Jeong-hoon ladeó la cabeza con curiosidad.
«¿Para qué sirve este objeto?».
Aunque intrigado, decidió investigarlo más tarde.
[Has conseguido el primer puesto en contribución.]
[Has obtenido una “Caja de Objeto Legendario ~ Grado Celestial (Aleatorio) – Probabilidad 50:50.”]
Además de reclamar el primer puesto en contribución, Jeong-hoon consiguió también la preciada caja de objetos de Rangrang.
***
«¡Aaaaaaagh!»
Rangrang gritó de angustia.
Había planeado eliminar a todos los humanos de la Gran Caverna usando a Ursus.
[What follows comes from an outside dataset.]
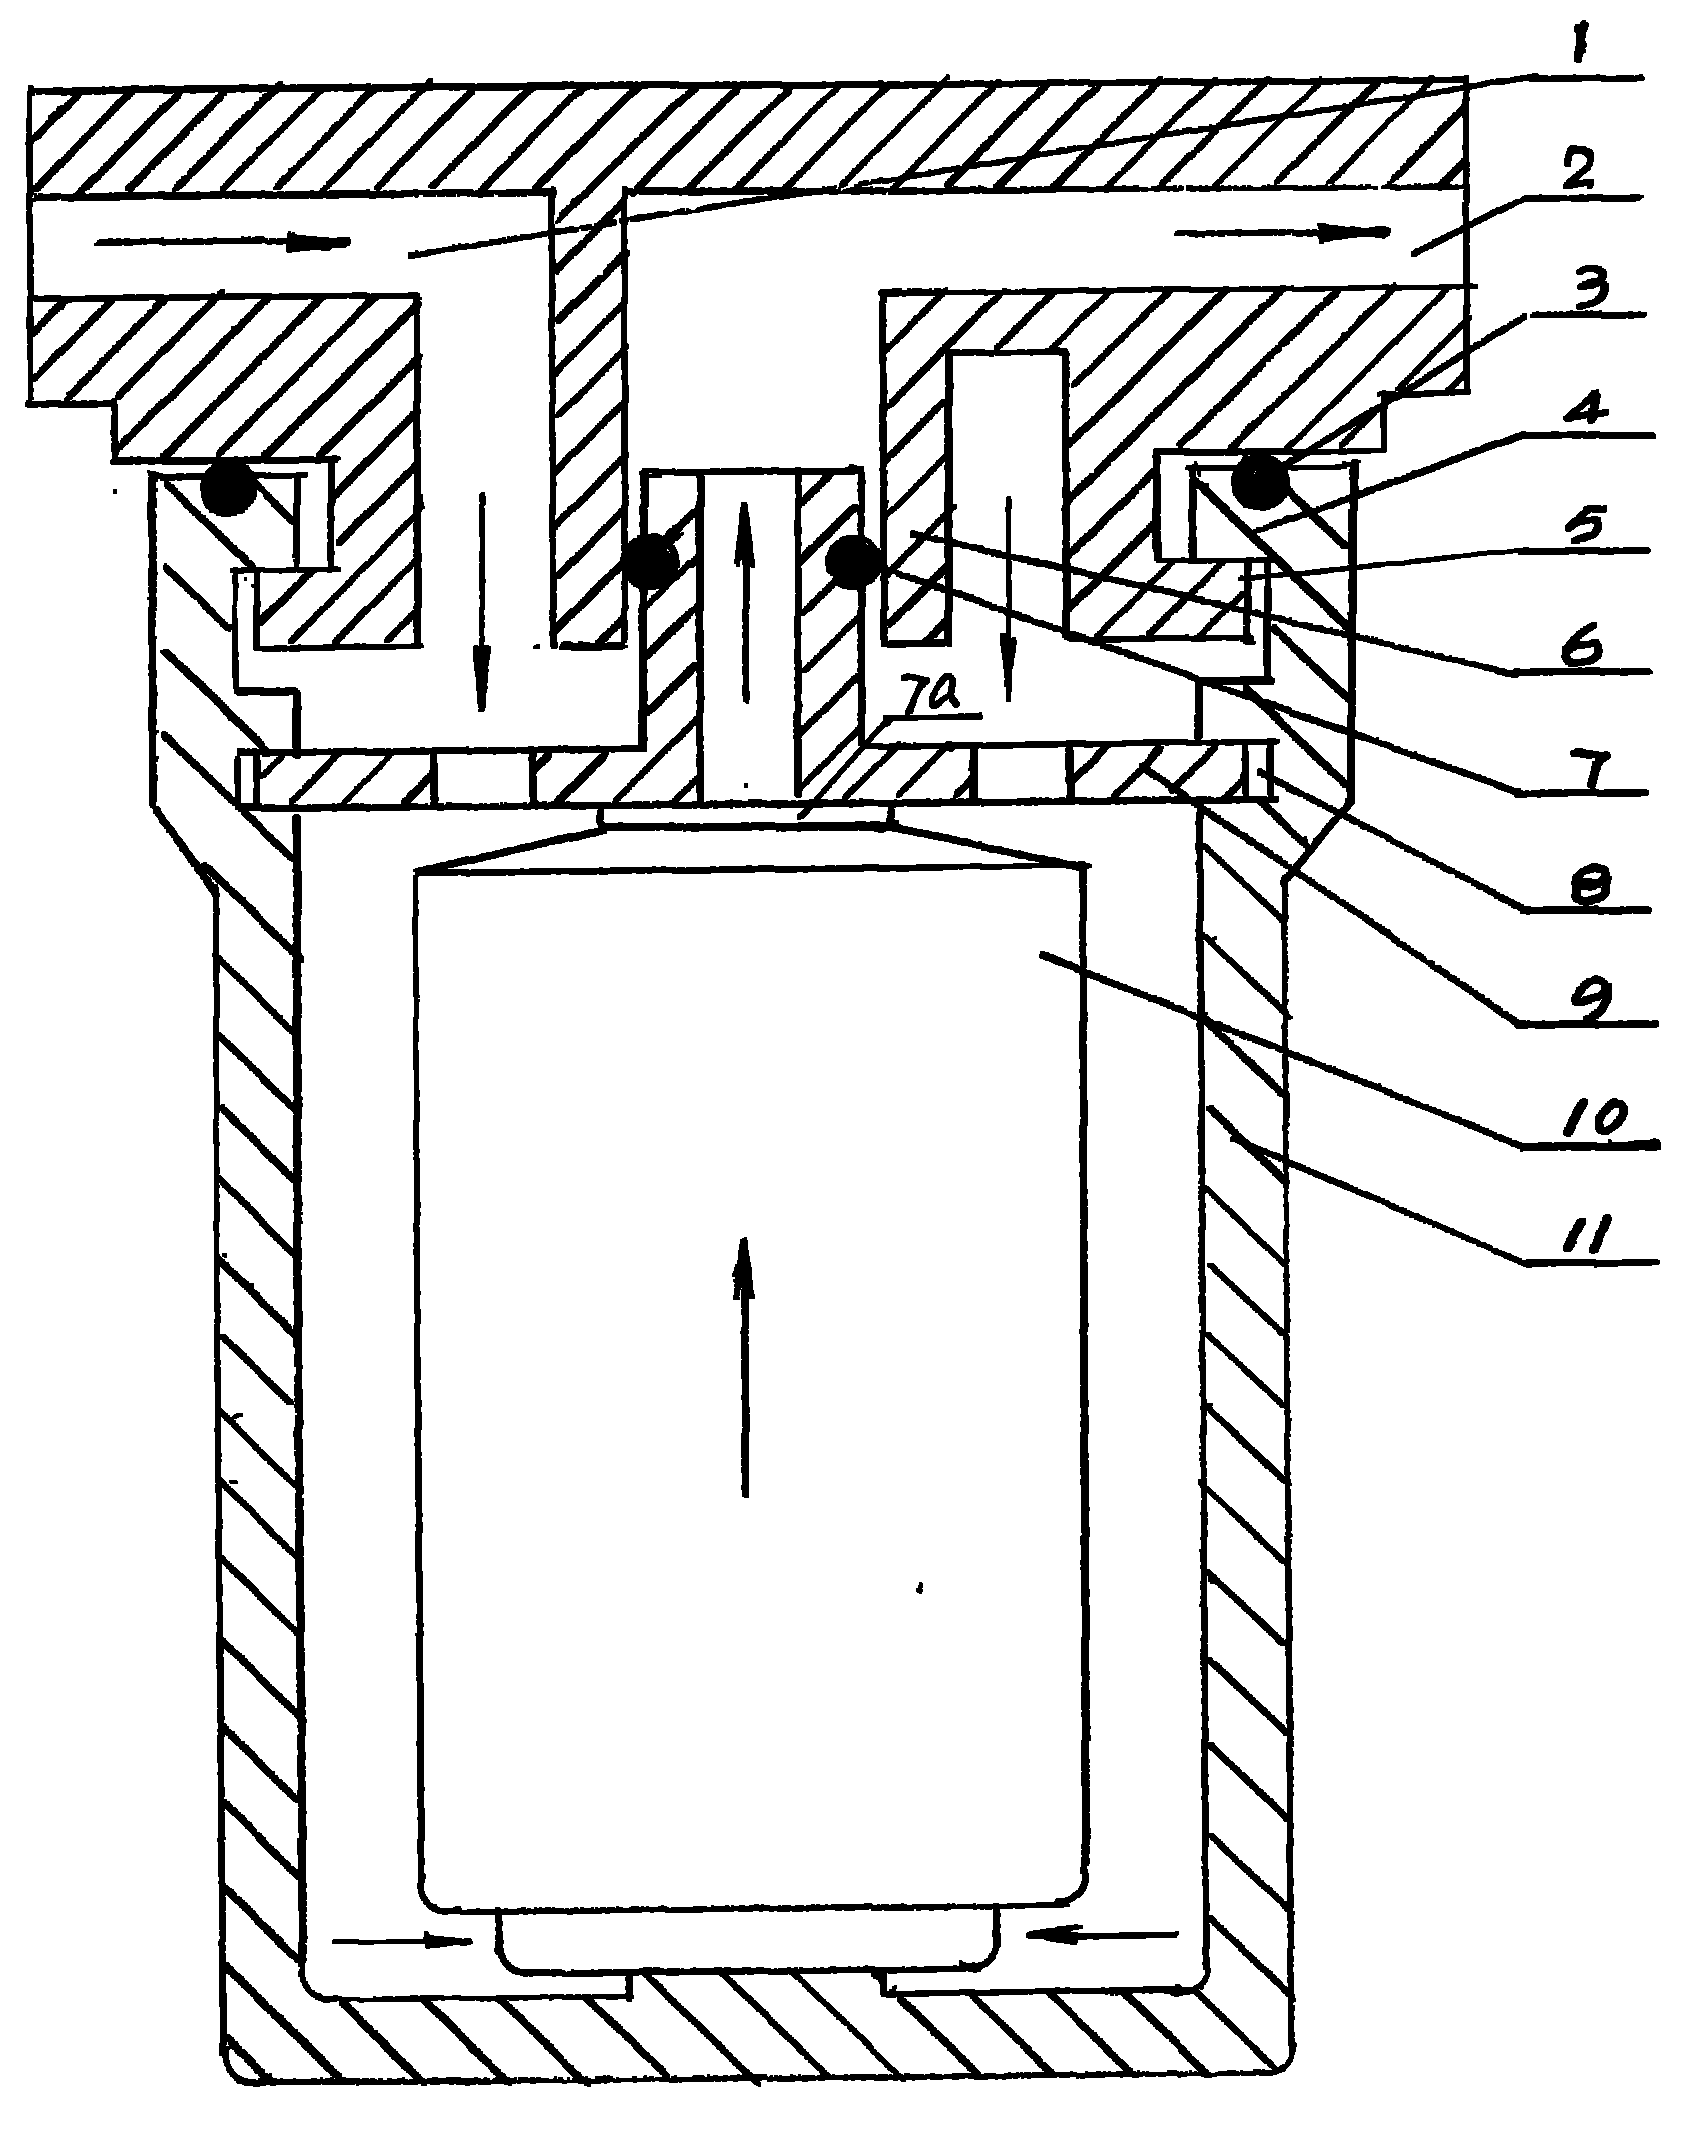 Method for connecting opening filter housing with base of water purifier

La «Explosión Masiva», que concentraba la energía del núcleo para una detonación catastrófica, era su arma definitiva.
Aunque requería un breve tiempo de carga para activarse, no había previsto que Jeong-hoon aprovecharía ese momento para destruir a Ursus.
¡Maldita sea! Si hubiera usado otra estrategia».
Pero lamentarse era inútil ahora.
La mazmorra había sido despejada y su amo, Ulrion, despojado de su preciado objeto.
Peor aún, el propio Rangrang había perdido un objeto a manos de ese humano y ahora se enfrentaba al castigo del Tormento Eterno.
Desesperado, Rangrang cayó de rodillas.
«¡Por favor, concédeme sólo una oportunidad más!»
No quería desaparecer.
Tenía ambiciones de ascender y tomar el título de Apóstol.
Pero no obtuvo respuesta.
El silencio fue una clara negación.
Rangrang, pálido de espanto, inclinó repetidamente la cabeza.
«Por favor, te lo ruego. Por favor…»
Aun así, no hubo respuesta.
En ese momento, un dolor insoportable recorrió el cuerpo de Rangrang, que empezó a arder.
Sus gritos resonaron por toda la mazmorra.
«¡Aaaaagh!»
La agonía de Rangrang continuó hasta que su cuerpo fue completamente consumido por las llamas y se desvaneció en la nada.